Recorded data:
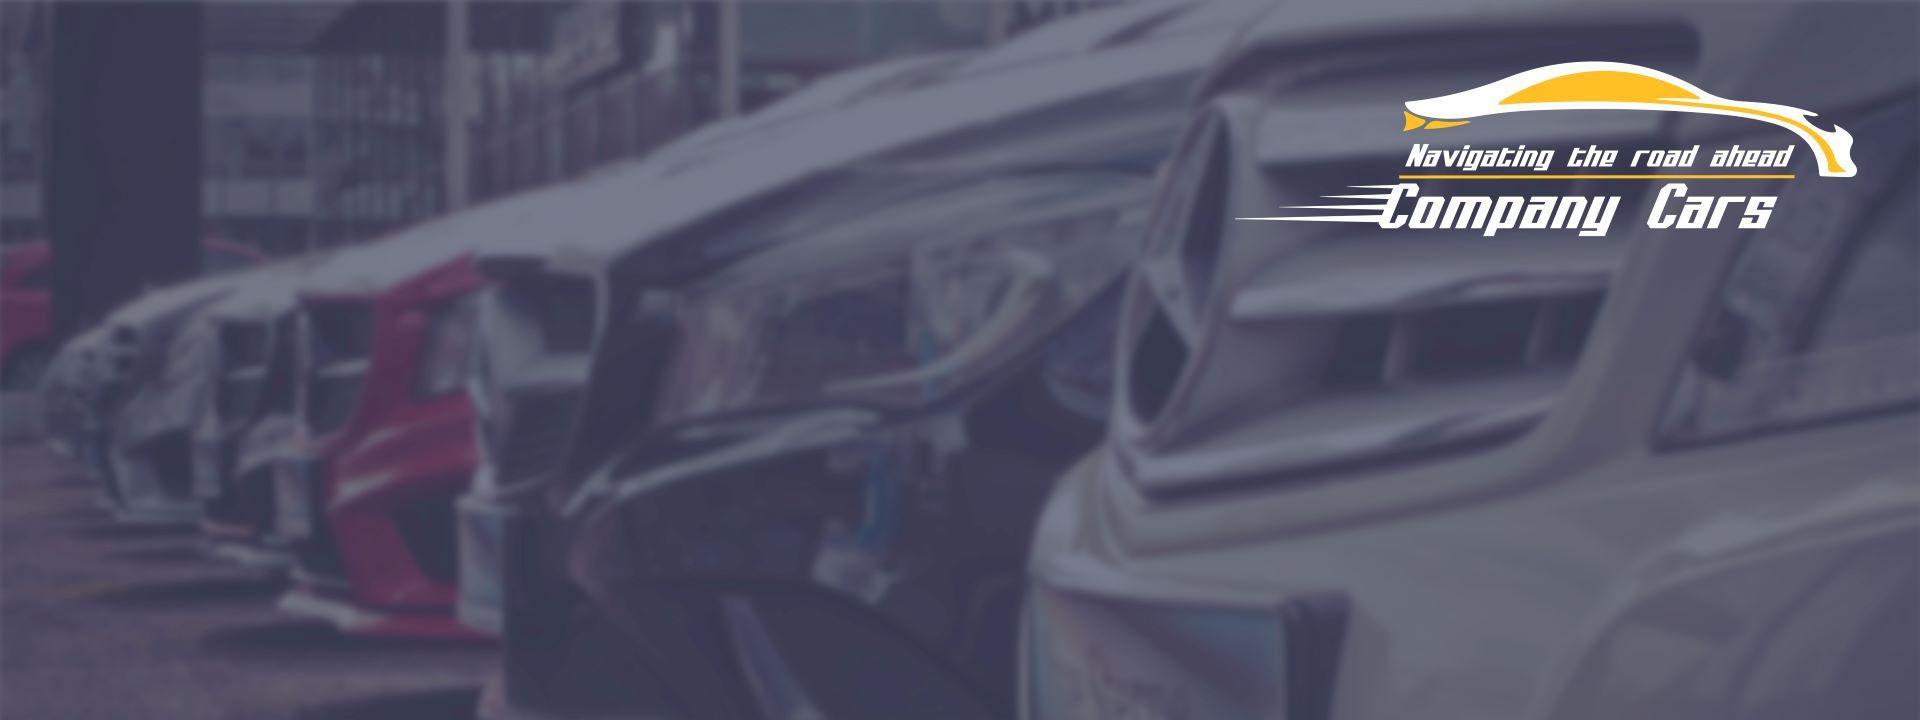 Navigating the road ahead: Company Cars
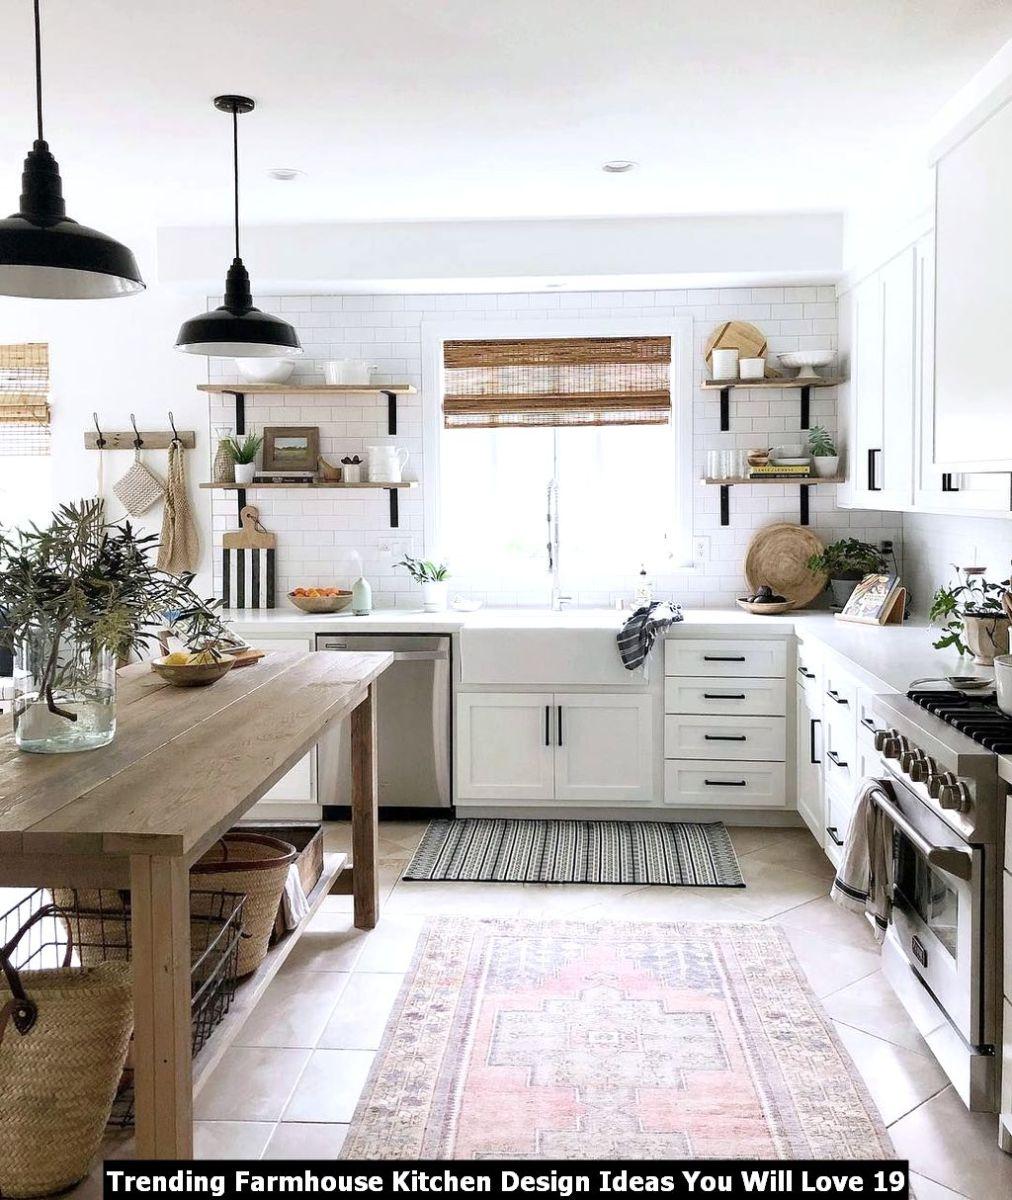 Trending Farmhouse Kitchen Design Ideas You Will Love 19
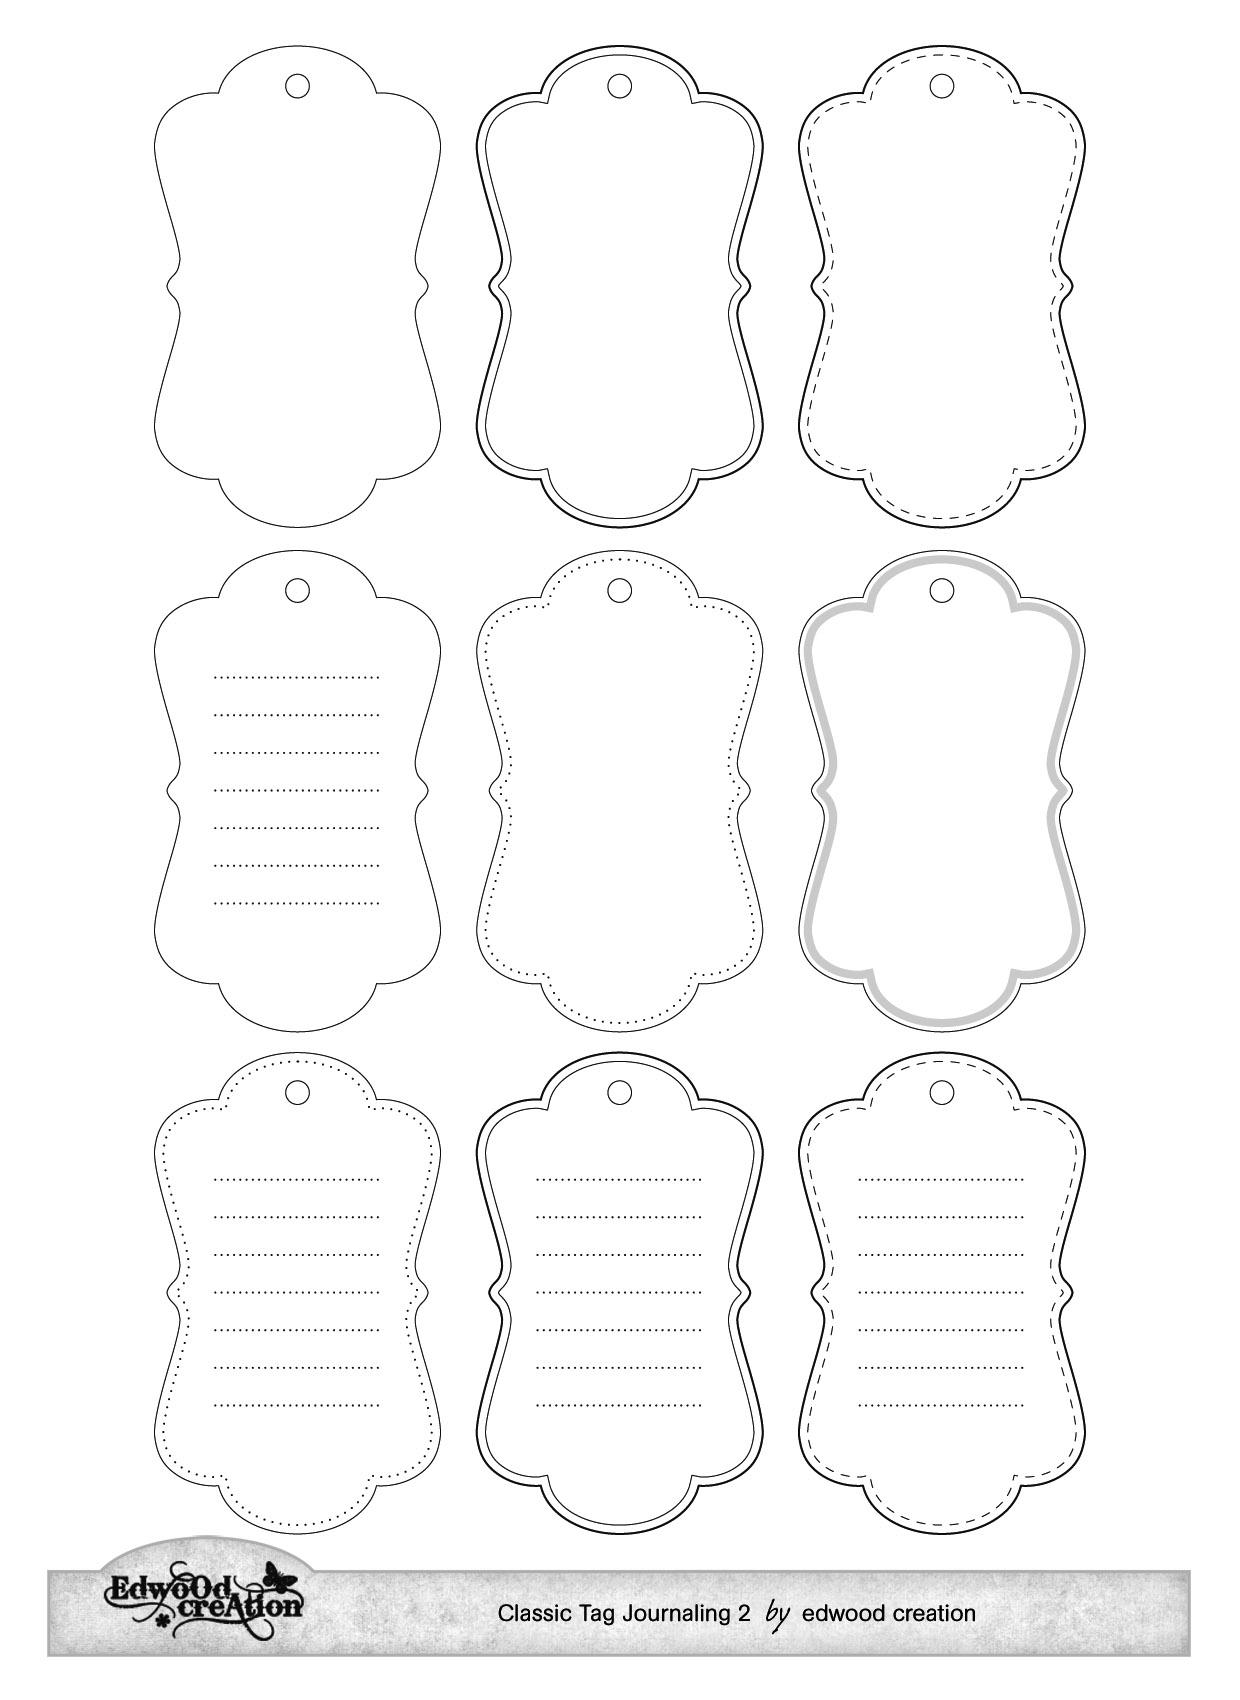 scrapbooking etiquettes edwood creation. Black Bedroom Furniture Sets. Home Design Ideas
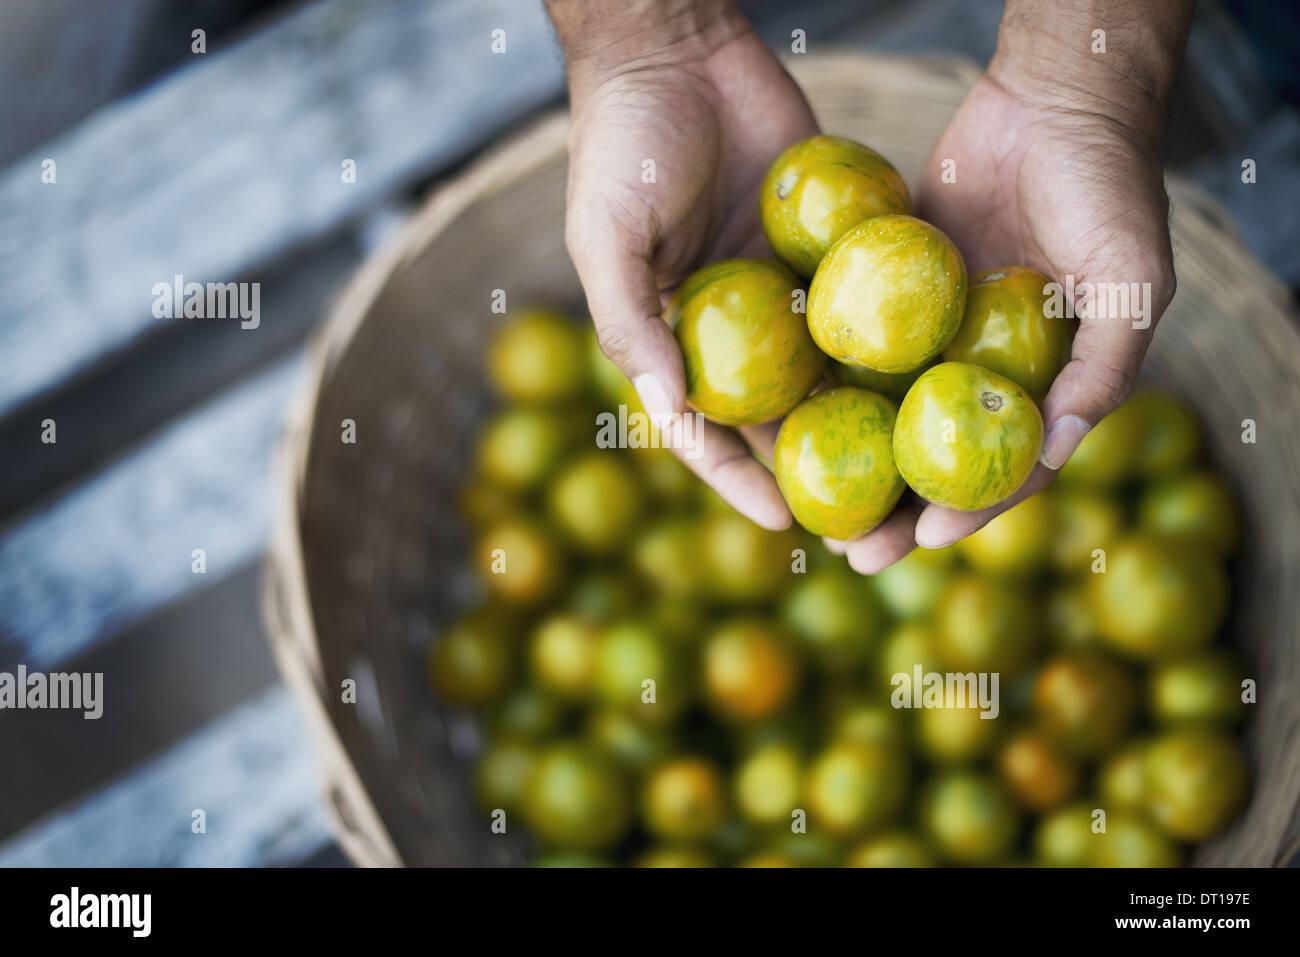 Woodstock New York USA Organic Tomatillo just harvested - Stock Image

Work order: Each line of the data should be quoted exactly, with pictures left out.

Answer to the problem:
 Navigating the road ahead: Company Cars
 Trending Farmhouse Kitchen Design Ideas You Will Love 19
 scrapbooking etiquettes edwood creation. Black Bedroom Furniture Sets. Home Design Ideas
 Woodstock New York USA Organic Tomatillo just harvested - Stock Image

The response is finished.